Deadlines are approaching! Deposits are being put down! Travel itineraries from the States are populating my inbox! Deliveries are being made! It's official: my wedding season has arrived as we're no longer in the state of making plans, plans are actually happening. Ah! Holy merde does time fly!
To really kick things off, last week, for the first time in my French life, I went the American Embassy. It's incredible that after almost four years here I have never been on my own soil, so to speak. Back in my glamorous tax office days, I managed to dodge dropping off the April 15th returns on the count that I had left my passport at home. So this was my first adventure to the US..in Paris.
In order to get married here I need several letters notarized for the mayor's office at - wait for it - only 50 bucks per signature! As you can guess, I wasn't exactly thrilled to take up half of my day to pay big bucks to have three documents signed. Apparently the price per signature used to be ten bucks and only recently has been "changed" to fifty. Is it just me or is that a pretty big spike?
As I was approaching the outdoor checkpoint, I felt a sensation under my left arm coming from some sort of device in my handbag, which was then followed by the sound of wine chimes. Oh right, it was my phone. I really do forget that I have one of those, so when it performs one of its functions like alerting me of human contact, I get confused.
Fitting to the scenery, the call was coming from the States...and it was my mother.
"Honey, honey, I know you have your appointment today but just listen to me," she said in the tone that forewarned me that she had an idea.
Oh no. My mother's ideas are pretty much famous for being the worst ideas. Ever. For example, when she insisted on purchasing (on a payment plan) the 48 DVD Dean Martin box set that mind you, after nine years is still in its cellophane wrapping.
"It's fine, I'm early, what's up?" I said, crossing the street as I assumed phone use directly in front of the building would be frowned upon.

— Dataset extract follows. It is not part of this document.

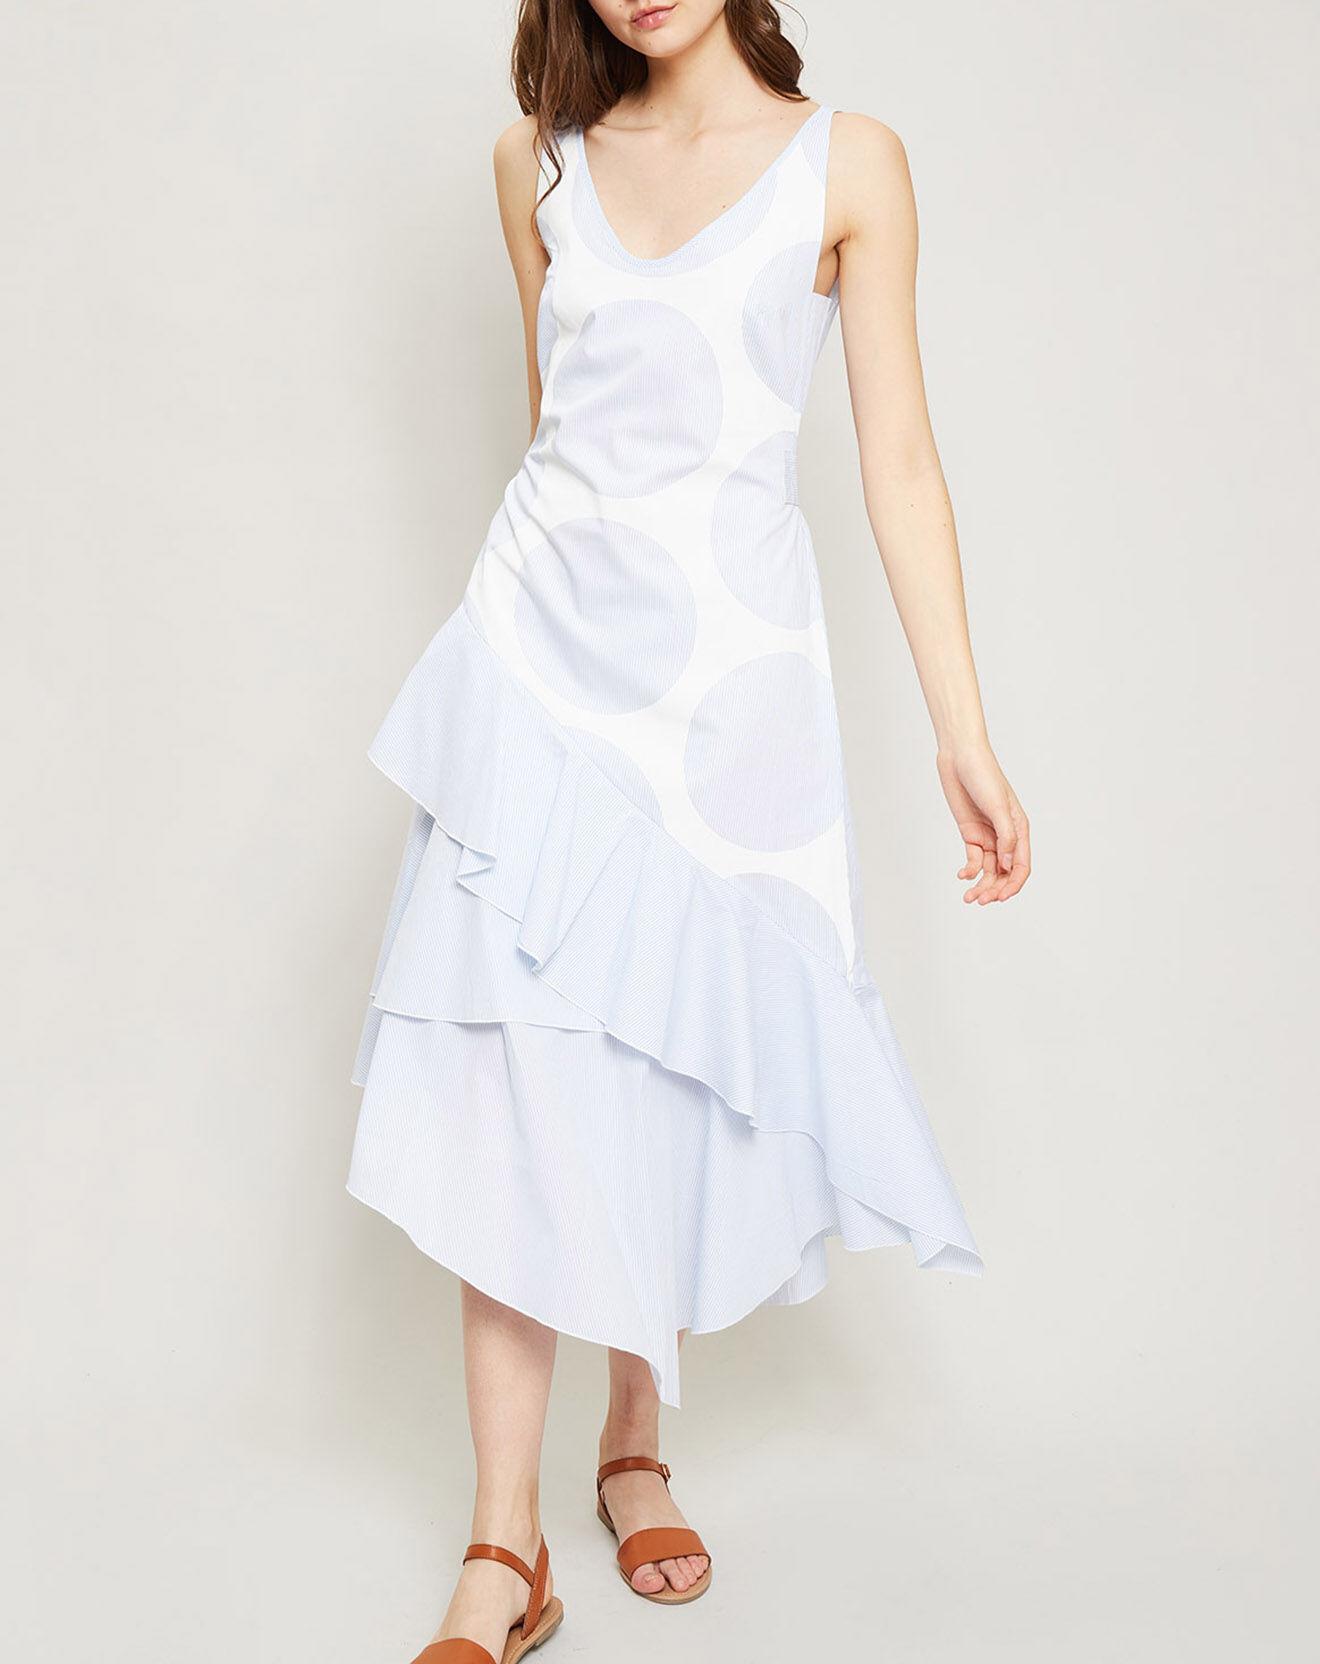 Robe Algebre asymétrique blanche - Derhy - Modalova

"I spoke to Jerry over at the fax place on Jericho Turnpike and he said he would notarize your documents for free, none of this 50 dollar business." my mother declared.
My mom is such a New Yorker. Administration, red tape, and bureaucracy be damned. We know Jerry from the fax place on Jericho Turnpike on Long Island.
"Ma, I don't think it works that way. While I'm certainly not discrediting Jerry's ability to sign a document, I think they need something more official."
After all, we are taking about the French government here. The chances that they'd accept "Jerry" over the U.S Embassy seemed slim.
"Good Lord, don't they know you're getting married?! I mean, come on already, you have enough on your plate!"
My mother wasn't saying this because of my soon-to-be marital status in France which will make some of these beaurocratic woes easier, she was saying this because she feels that as a wedding gift, the French government should give me a break as if I'm the first American to get married in France. I know my mother, this is her thought process.
Challenging the French government aside, she did have a point though. If it's a U.S notary that they need, and I'm heading back, perhaps I could do it over there? It was worth asking.
Waiting several hours in a waiting room surely modeled after the Van Nuys DMV office in the Valley, my number was called. I explained to the official that I would be going to the States and wondered if it would be at all possible to have the documents notarized abroad. No, I made absolutely no mention of Jerry. I know better by now. The woman was quite helpful and showed me the seal that the French government is looking for, which was an embossed crest of the U.S Embassy...in Paris. Yeah, there was no way that Jerry was going to have that. Also, I suspect the mention of Paris on the insignia is what the French officials particularly enjoy. So no dice, Jerry.
Not wanting to risk my April 18th deadline to get all of the paperwork in, I handed over my card and cringed as I was being charged 150 USD for literally three minutes of work.
This is just one of the many expenses that come along with having a "simple wedding", but no one said weddings were cheap. Of course when I voiced this my mother had a follow up comment. She always does. "Well divorce is even more expensive, so if there's a problem, talk it out you two because I'm not doing this again!"
Thanks Mom. At least she didn't say you twos.